## [WORK INSTRUCTION]
From the first line to the last, copy the material word for word; pictures stay out.

## [GIVEN MATERIAL]
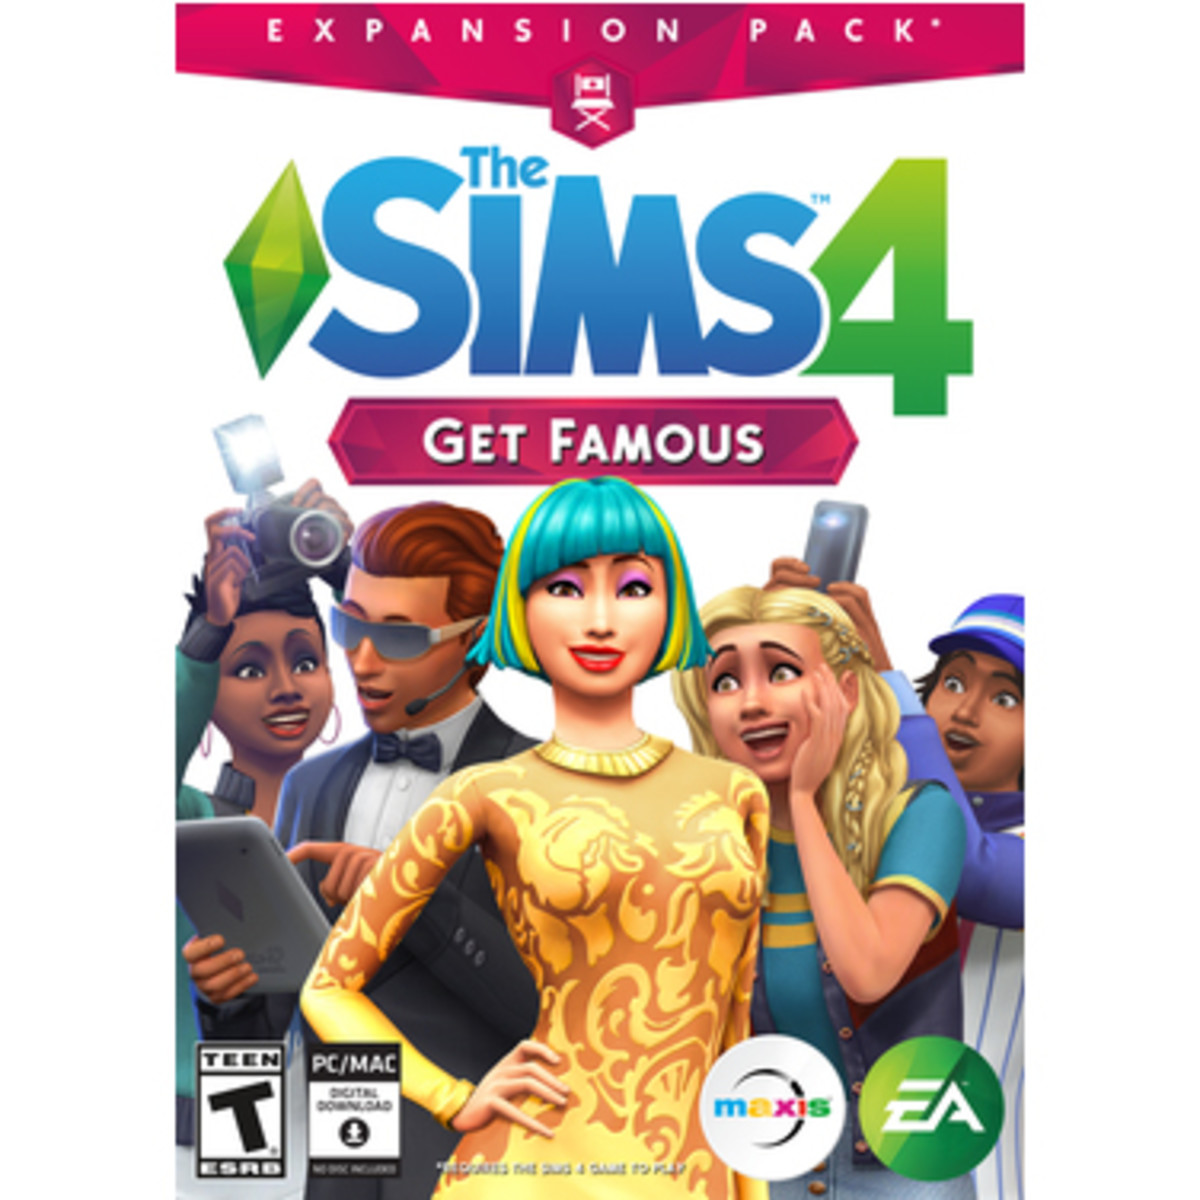 "The Sims 4: Get Famouse" was released in November of 2018. This is one of those packs that changes the way you play the game, but the good news is  your Sims can opt out of fame.
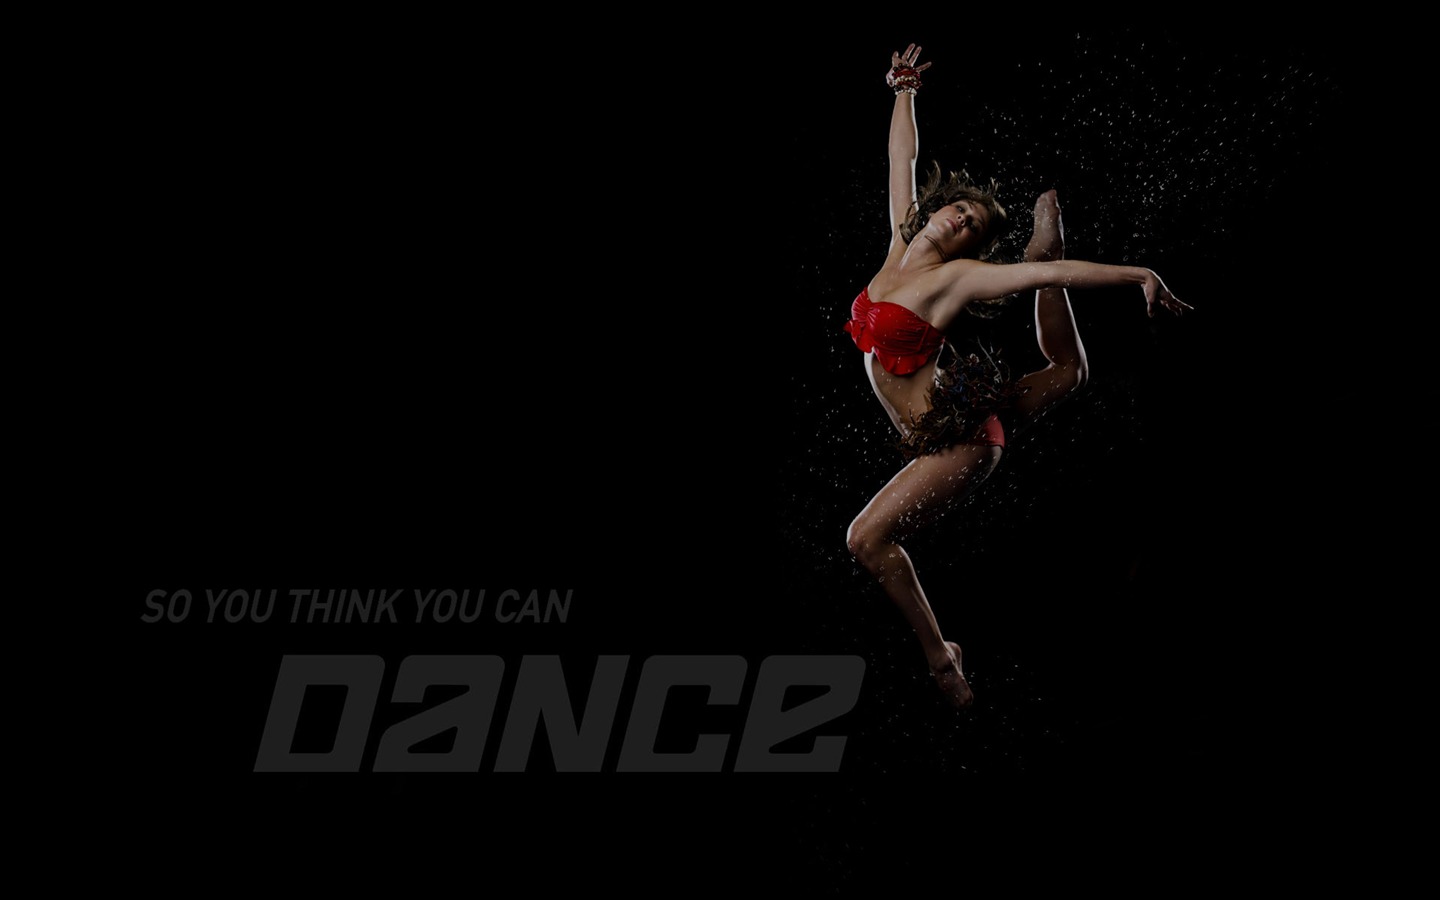 So You Think You Can Dance 舞林爭霸壁紙(二) #13 - 1440x900
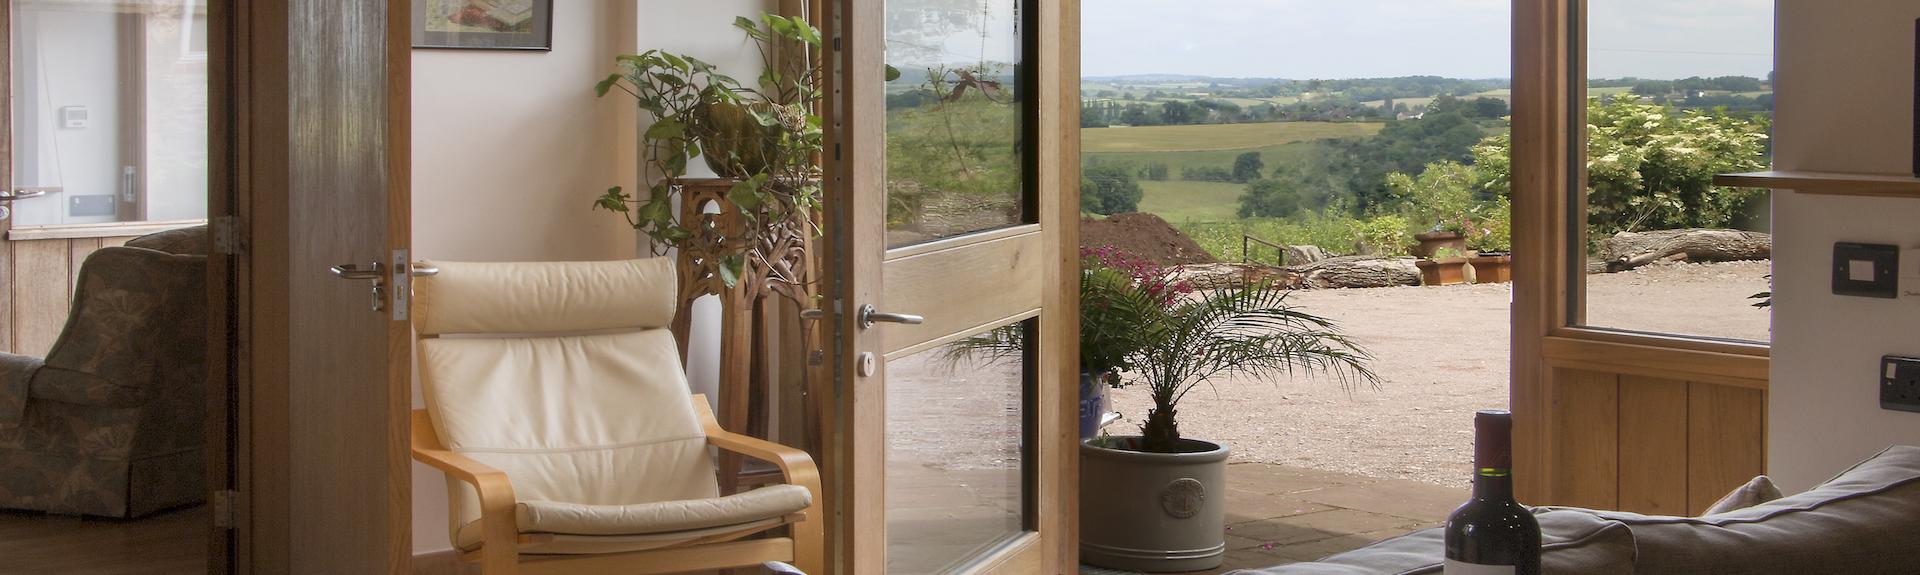 Glorious rural views from Valley View Cottage in Herefordshire
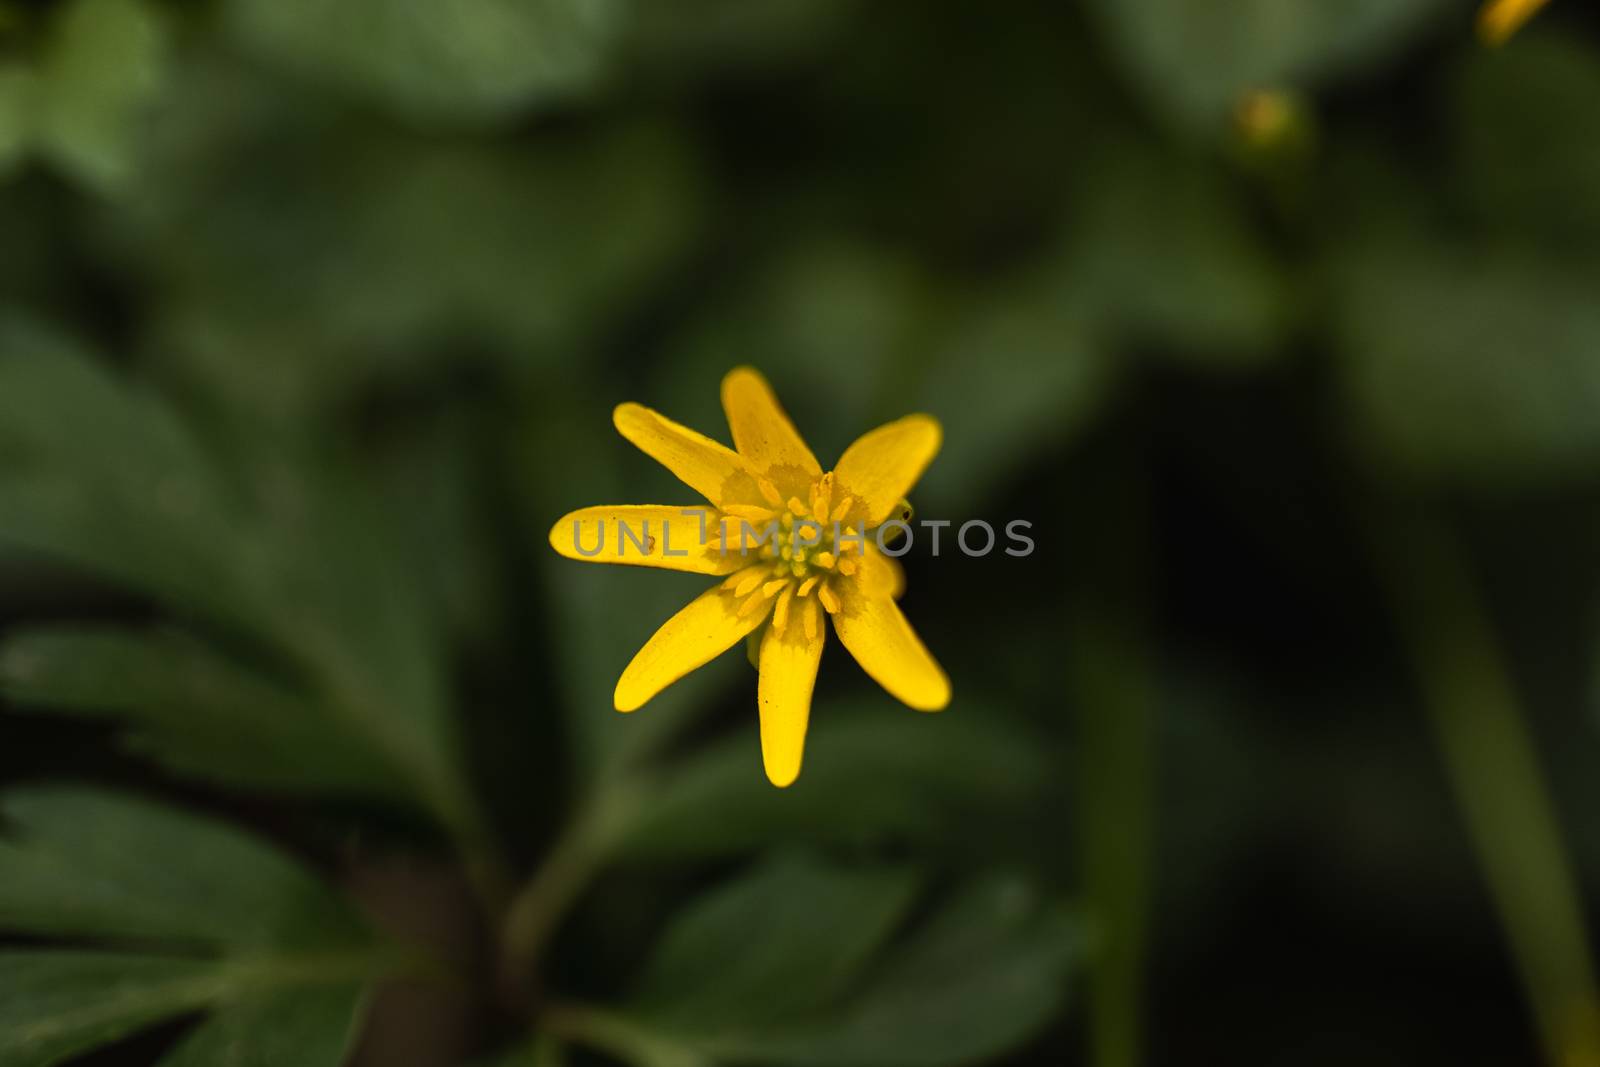 A small yellow flower close up in the wild

## [FINISHED EXERCISE]
 "The Sims 4: Get Famouse" was released in November of 2018. This is one of those packs that changes the way you play the game, but the good news is  your Sims can opt out of fame.
 So You Think You Can Dance 舞林爭霸壁紙(二) #13 - 1440x900
 Glorious rural views from Valley View Cottage in Herefordshire
 A small yellow flower close up in the wild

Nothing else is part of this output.